Nor is Me Before You (*), though it does feature that show’s Emilia Clarke doing heroic work in a new romantic sub-genre: the euthanasia weepy. She plays Lou, a naïve but happy-go-lucky 26-year-old who takes a job as a carer for a good-looking quadriplegic man (Sam Claflin) who doesn’t see the point in living any more. It’s corny as hell, and pretty tasteless too, ruthlessly building up to its final hashtag hankie moment.
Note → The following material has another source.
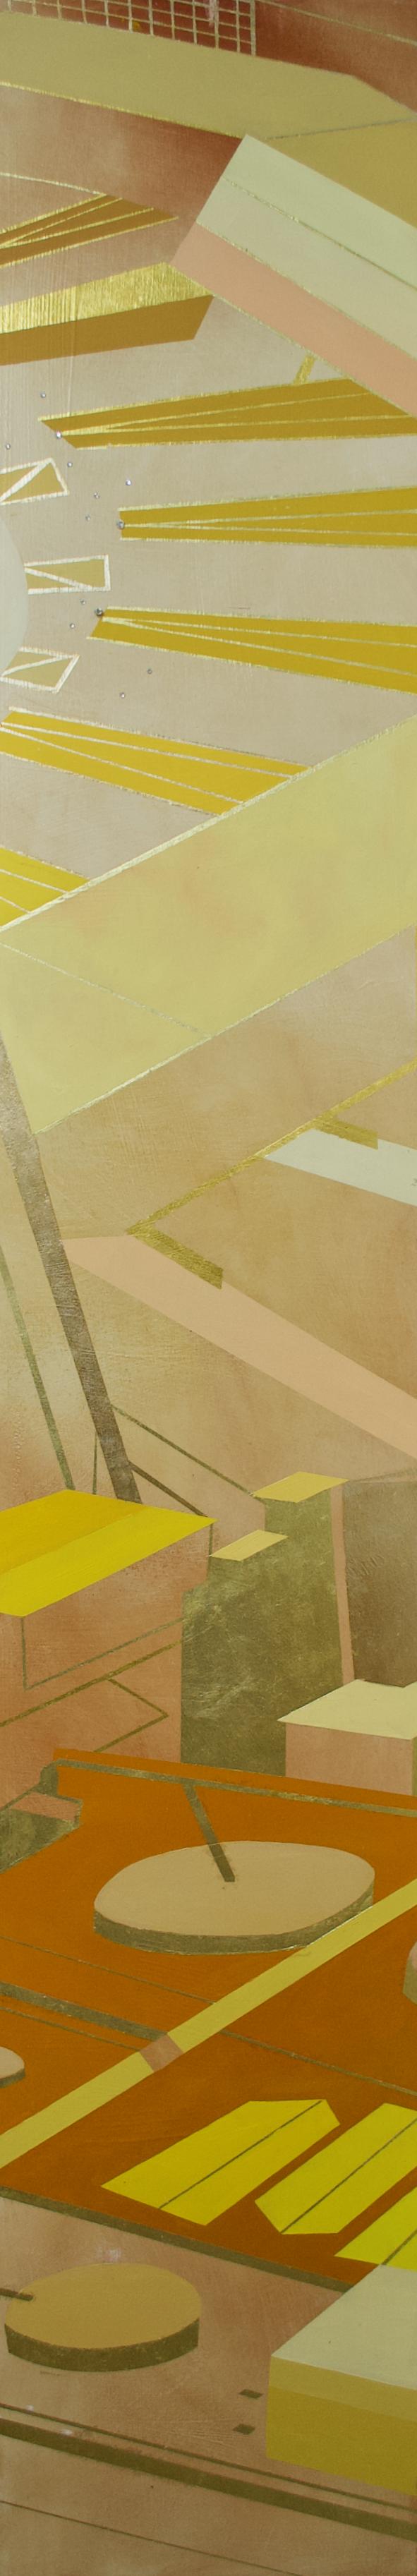 "Wonderwheel #29 - 60"" x 10"" oil and gold leaf on panel$1950"
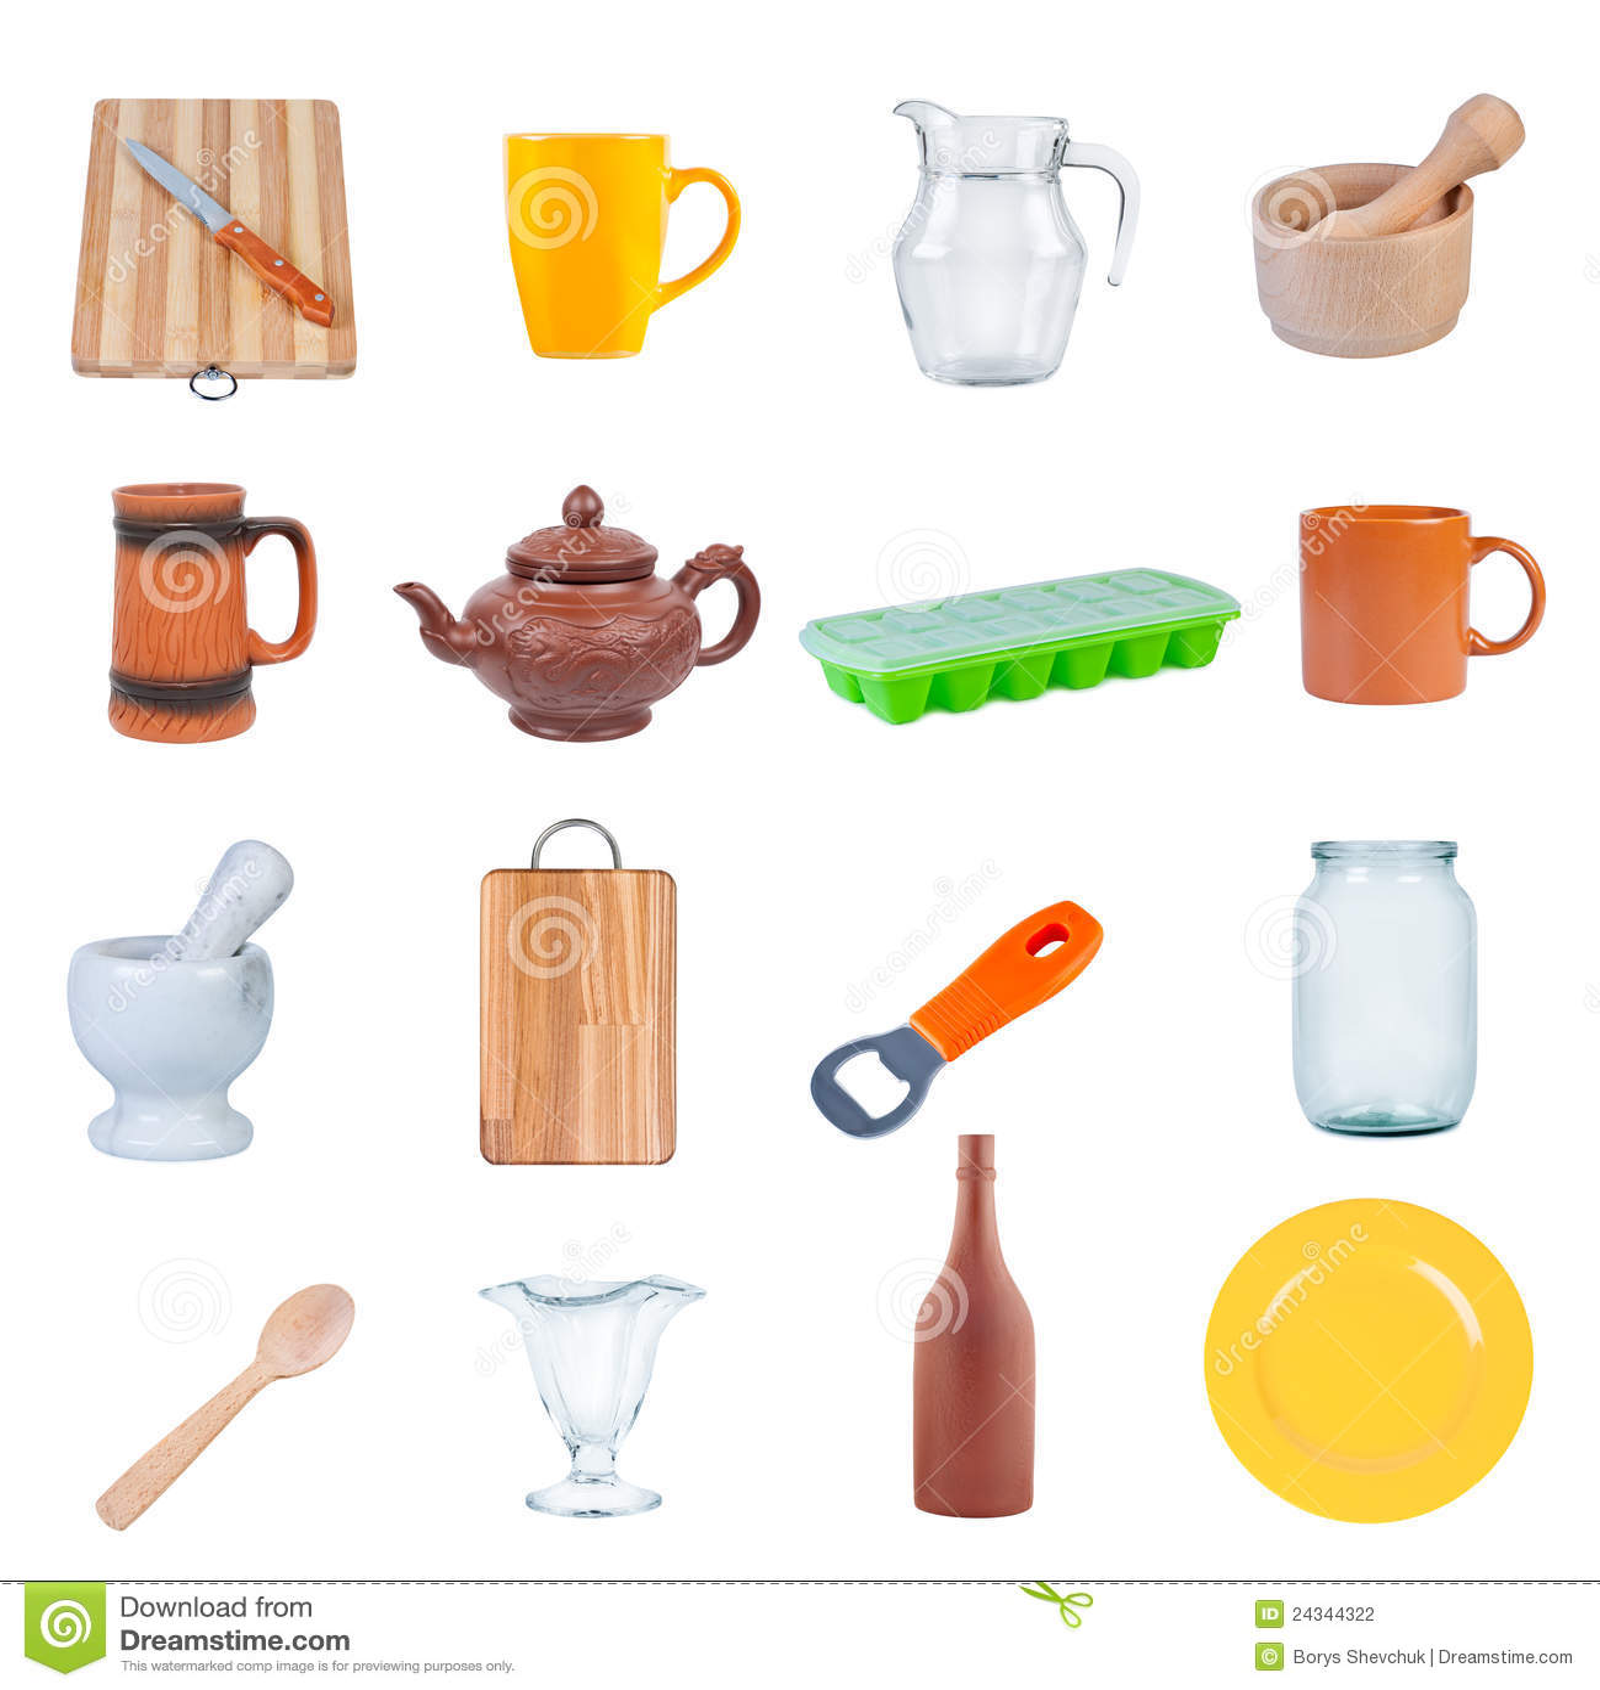 Dream Kitchen Utensils: Set Kitchen Utensils. Stock Photo. Image Of Appliances

Having just won this year’s Palme d’Or for what promises to be his swansong, I, Daniel Blake, it’s easy to forget that Ken Loach went for more than a decade without making a film. Versus: The Life and Films of Ken Loach (***) offers a timely overview of a career defined by his opposition to a system that would probably rather he never made another. Using the production of his latest as a jumping off point, it traces his creative evolution from his days as an unassuming Oxford law student who just loved acting to a TV director whose political conscience was awoken the more interested he became in giving a voice to the under-represented. There are interesting insights here about the making of landmark films such as Cathy Come Home and Kes, and a reminder as well of his contretemps with the Royal Court. There are also some heartbreaking family revelations and a wee mea culpa for the advertising work he did for Nestlé and McDonald’s in the late 1980s and early 1990s, when he claims he couldn’t get any other work. It’s a useful primer, in other words, but it does tend to negate any legitimate assessment of his work by suggesting criticism of it is politically motivated.